Yes, Delta Lake is open source and can be used in many different data compute products which are listed below. However, Databricks has built in special optimisations just for Databricks and a robust user interface to manage the Lakehouse. So, it is likely running Delta Lake will be slower and could be harder to maintain elsewhere. 


  Example the Databricks user interface for datasets showing the schema and a sample of the dataset. 

Also note that Databricks is a general compute engine rather than a database or programming interface: it can run SQL, Pandas, Ray, Spark, most of the popular data science libraries, do graph analytics, geospatial, IoT, near-real time streaming and import almost any Python, Java, R or Scala library. Databricks’ main benefit to us is its extreme versatility, potentially reducing costs by not having to maintain separate business intelligence and data science data processing applications.    

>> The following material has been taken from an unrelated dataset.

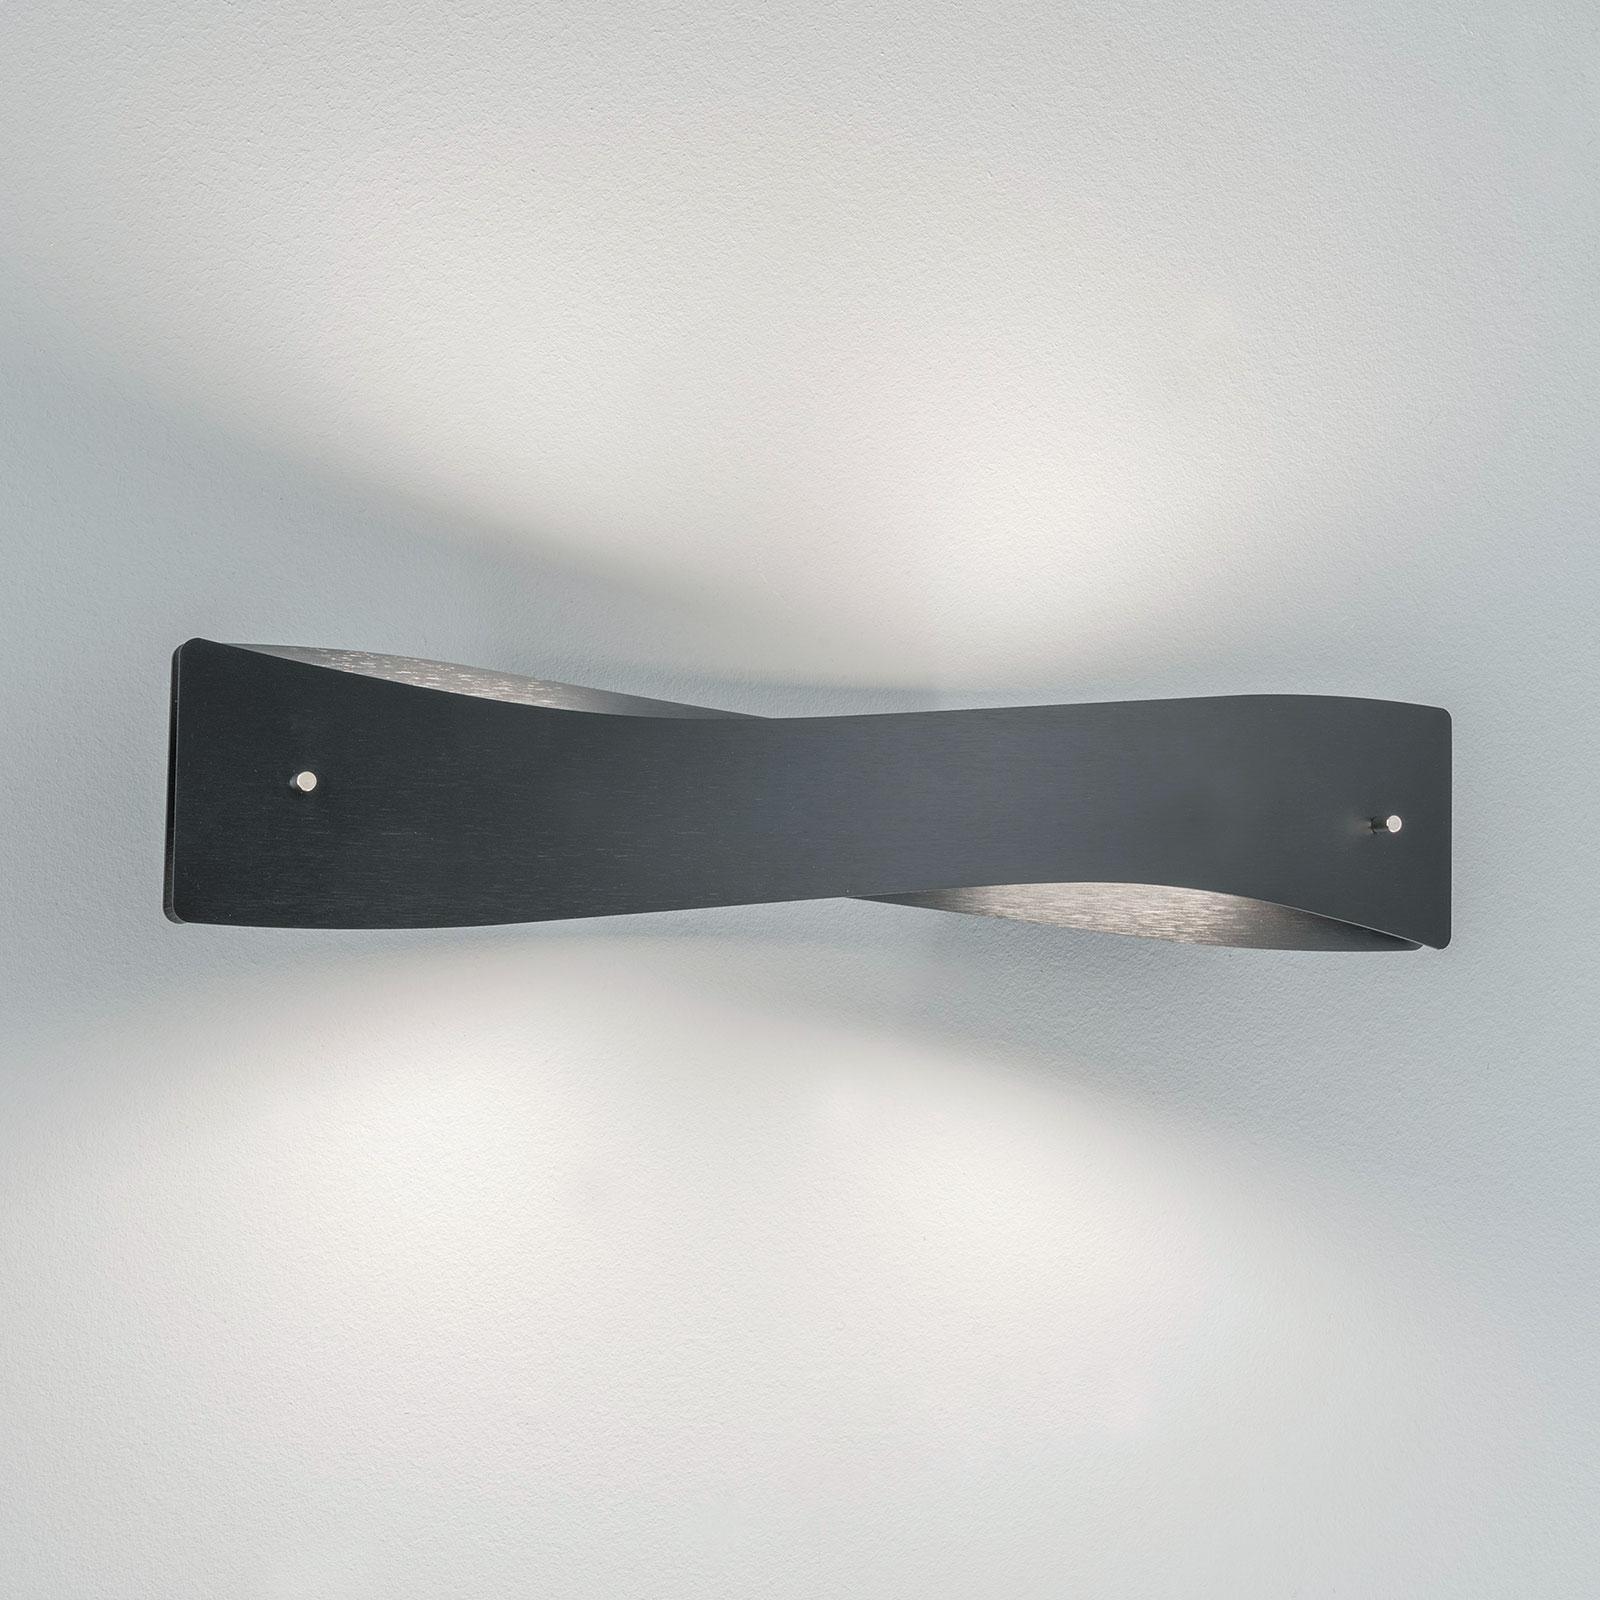 Lucande Lian LED nástěnné světlo, černé, hliník

Also, Databricks is in strong position to customise Large Learning Models (LLMs) like ChatGPT, with its general compute and strong MLflow integration, so you can pick the best open-source AI models and tune it with your organisational data in a highly efficient way using MLOps 

However, if you’re already using one of the Lakehouse alternatives listed below, it may not be worth adding Databricks to your Data Platform. 

The alternatives to Databricks Lakehouse are:  


Some may say Pandas or DuckDB can be a Data Lakehouse, though from our research in May 2023 they cannot do transactions or merges on a Data Lake file (Delta Lake, Iceberg, etc.) so have been excluded from the above – they still have their own use cases though.  


In short, like with other data products and architectures, the answer is it depends on the makeup of your data team, security, the size and structure of your data, and how the data is used among many other factors.  

If you are consuming a lot of data in your data platform, struggling to manage both a Data Lake and Data Warehouse at the same time, or trying to figure out how to use advanced analytics like Machine Learning with your data, Data Lakehouse is in our opinion a convincing proposition.   

We also find ourselves recommending Databricks more often than the alternatives as it offers the most complete Lakehouse solution, though competitors are quickly catching up and offering a near as good as experience as Databricks, so the choice isn’t as easy to make as it was in 2021 when we first wrote this article.